In the previous issue of Critical Care, Jacquet-Lagrèze and colleagues from several institutions in Lyon, France, report results from a preclinical study of a novel perfusion monitoring device [1]. The study was carried out using anesthetized and mechanically ventilated piglets. Some of the animals were infused with a suspension of viable Pseudomonas aeruginosa to induce septic shock; the remaining (control) animals were not challenged with the Gram-negative bacteria preparation.

The novel monitoring device was developed by Advanced Perfusion Diagnostics [2], a biotechnology start-up company in Lyon. The device makes use of photoplethysmography (PPG) to assess changes in duodenal mucosal blood flow.

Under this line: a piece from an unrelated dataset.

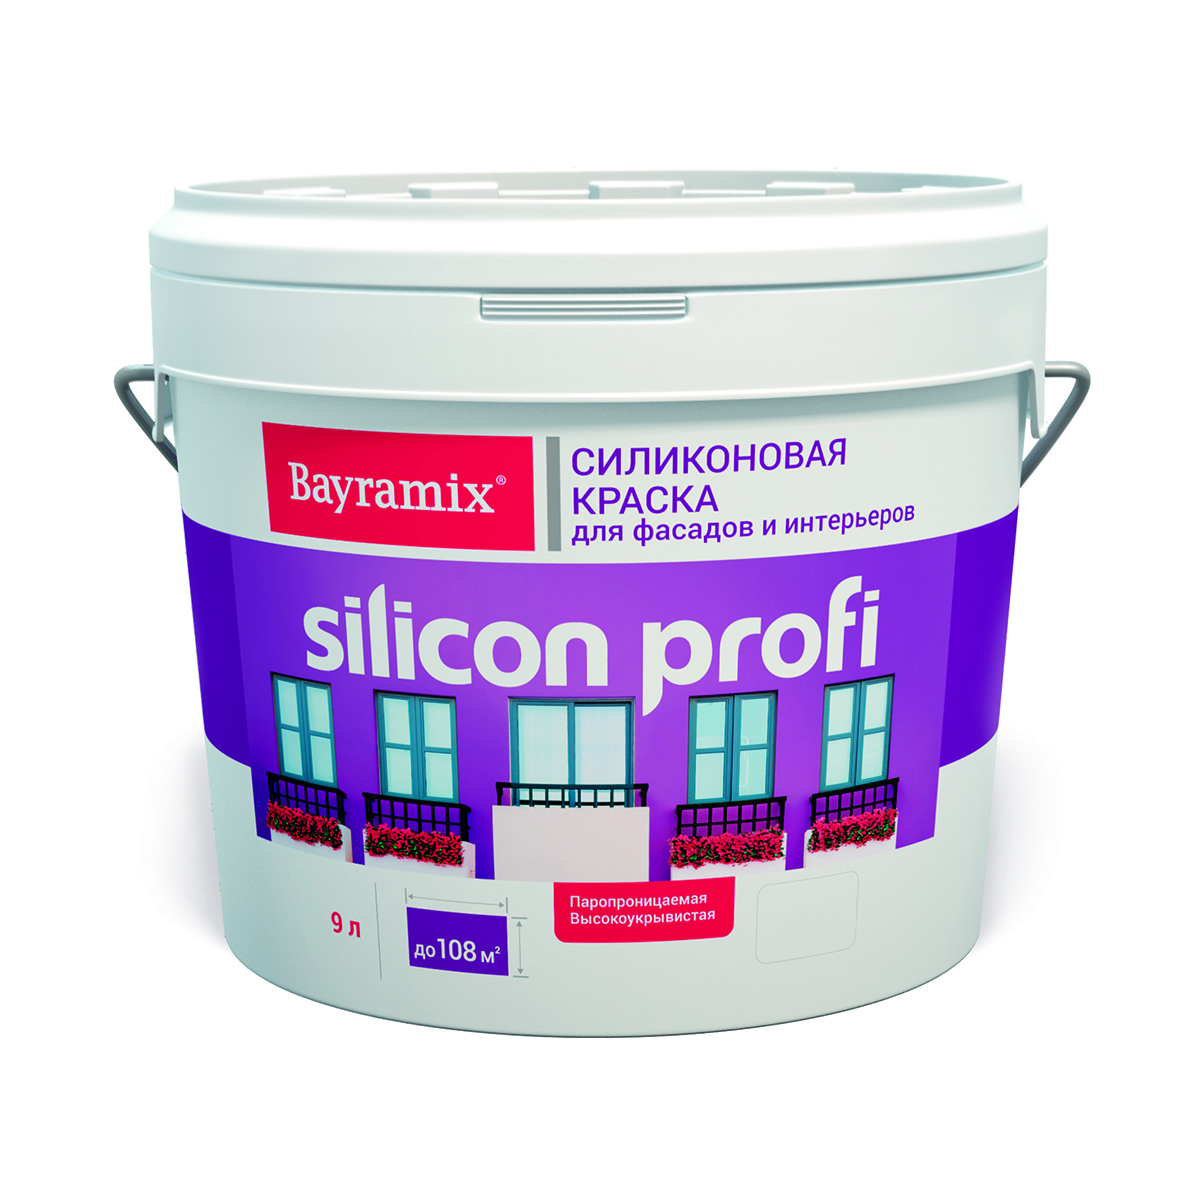 фото Краска для фасадов и интерьеров силиконовая bayramix silicon profi, бесцветная, 9 л

PPG and its applications in medicine have been well described in an excellent review article by Allen [3]. PPG uses light in the visible red and near-infrared regions of the spectrum to non-invasively assess changes in the volume of a specific region of tissue. PPG can be carried out using light that is transmitted through tissue or using light that is reflected by the tissue. Light-emitting diodes provide the light in present-day commercially available devices that employ PPG for medical applications, such as beat-to-beat monitoring of blood pressure.

The characteristic signal from a PPG device is a waveform. The dominant (peak and valley) aspect of the tracing is synchronized with the beating of the heart, and is usually called the alternating current (AC) component. The origins of the other components of the PPG signal remain to be completely elucidated, although important factors are recognized to be changes in circulating blood volume, respiration and vasomotor tone. The quasi-static component of the PPG signal is usually called the direct current (DC) component.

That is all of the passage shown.